My professor has suggested the following equicontinuity problem:
Let $X$ be a compact metric space and $C$ be a subset of $C(X)$. If $C$ is compact, then $C$ is closed and bounded (in the metric space $C(X)$). Show that $C$ is also equicontinuous.
Thanks for any help in advance.
On
What I wrote in my comment, in more detail: If $C$ is not equicontinuous at $x$, there is an $\varepsilon>0$ such that for every $\delta>0$ there is some $y$ with $d(x,y)<\delta$ and a function $f$ with $|f(y)-f(x)|\ge\varepsilon$. Pick a sequence $\delta_n\to0$ with corresponding $y_n$, $f_n$, and check to see if $(f_n)$ can have a convergent subsequence.

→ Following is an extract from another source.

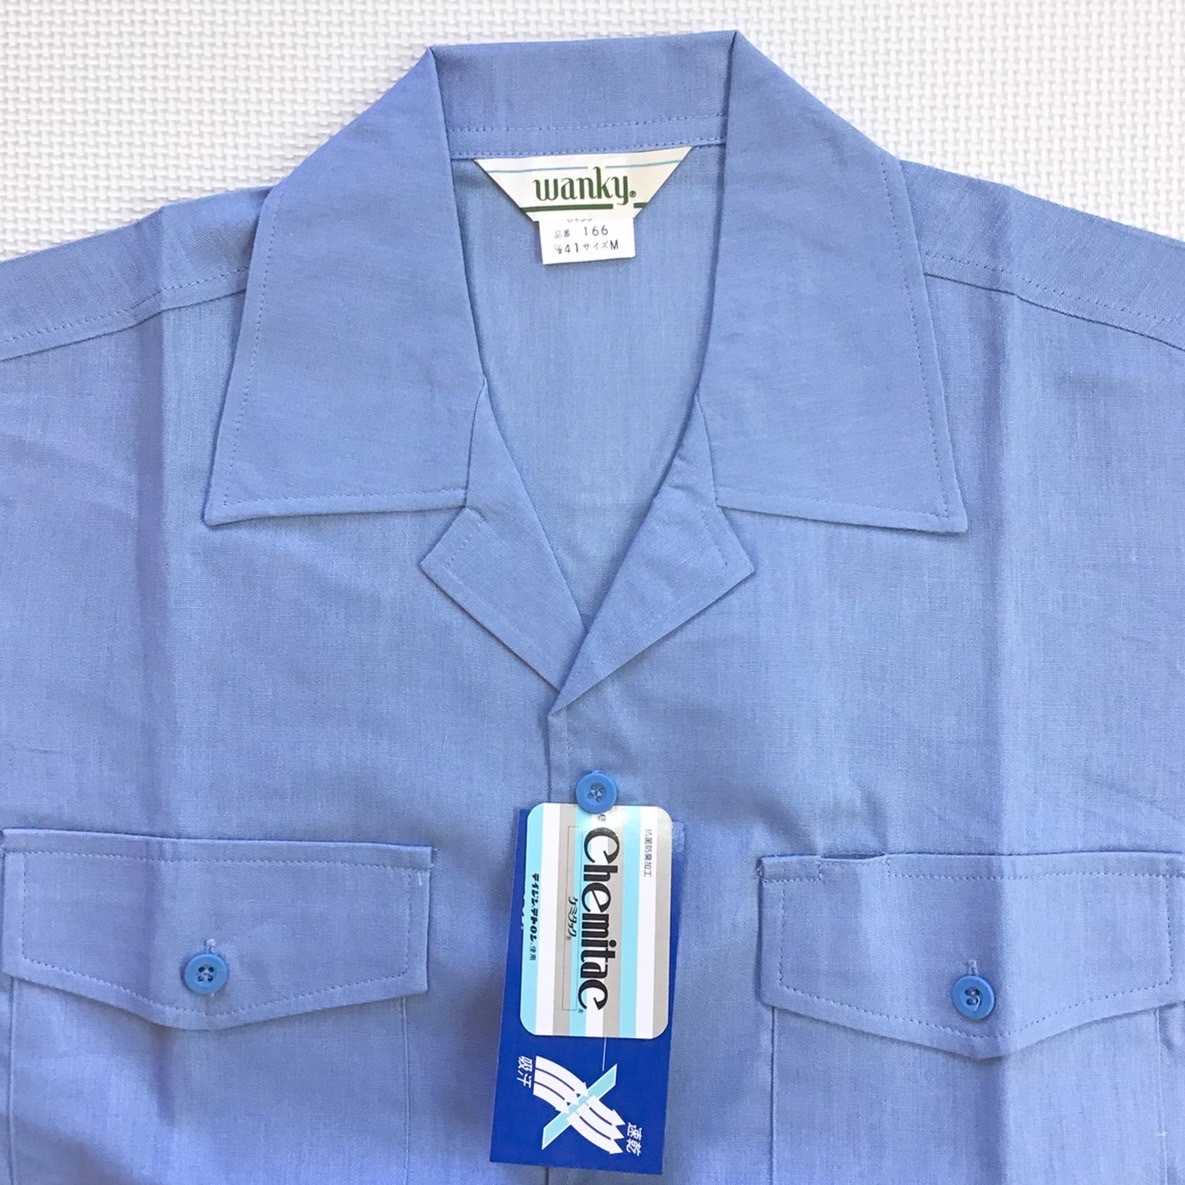 ( наличие   избавление  )  новый товар  неиспользованный товар   wanky [166]  короткие рукава  рубашка    размер   M / синий  / вода  цвет / весна   лето / тонкий /...  бактерия ... запах  /... пот  /.../ работа  .../ Work .../ униформа

Note that you only have to prove that $C$ is bounded if it is compact since in every metric space, compact sets are closed. Also, I guess that you have provided $C(X)$ with the uniform norm.
Assume, to get a contradiction, that $C$ is not bounded. Then there's a sequence of functions $(f_n)$ such that $\Vert f_n\Vert_\infty \geq n$. Since the sequence is infinite and $C$ is compact, it has limit point, say $f$. (Wich we may assume to be a limit taking a subsequence if necessary). Note that there exist an $N$ such that $\Vert f-f_n\Vert _\infty <1$ for $n\geq N$ and this implies that $ \Vert f_n\Vert_\infty -1<\Vert f\Vert_\infty$. Then, $f$ i s not bounded and this is a to contradiction to the fact that $f\in C(X)$ since if were continuous, it will be bounded since $X$ is compact.
Now, as you have commented in a comment, since every function in $C$ it is uniformly continuous. Using this, given $\varepsilon>0$, consider the open balls $B_f= \{g\in C: \Vert g-f\Vert_\infty<\varepsilon/4\}$ an the open cover $U=\{B_f:f\in C\}$. Since $C$ is compact there exist a finite set of functions $f_1, \ldots, f_n$ such that $\{B_{f_1}, \ldots, B_{f_n}\}$ is a cover of $C$. Since each of this functions is uniformly continuous on $X$ to each $f_n$ there's associated a $\delta_n$ such that $$ d(f_n(x),f_n(y ))<\varepsilon/4 \quad \mathrm{if}\quad d(x,y)<\delta_n $$ Take $\delta=\min\limits_{1\leq k\leq n}(\delta_k)$. Can you show that this $\delta$ works for the definition of equicontinuity?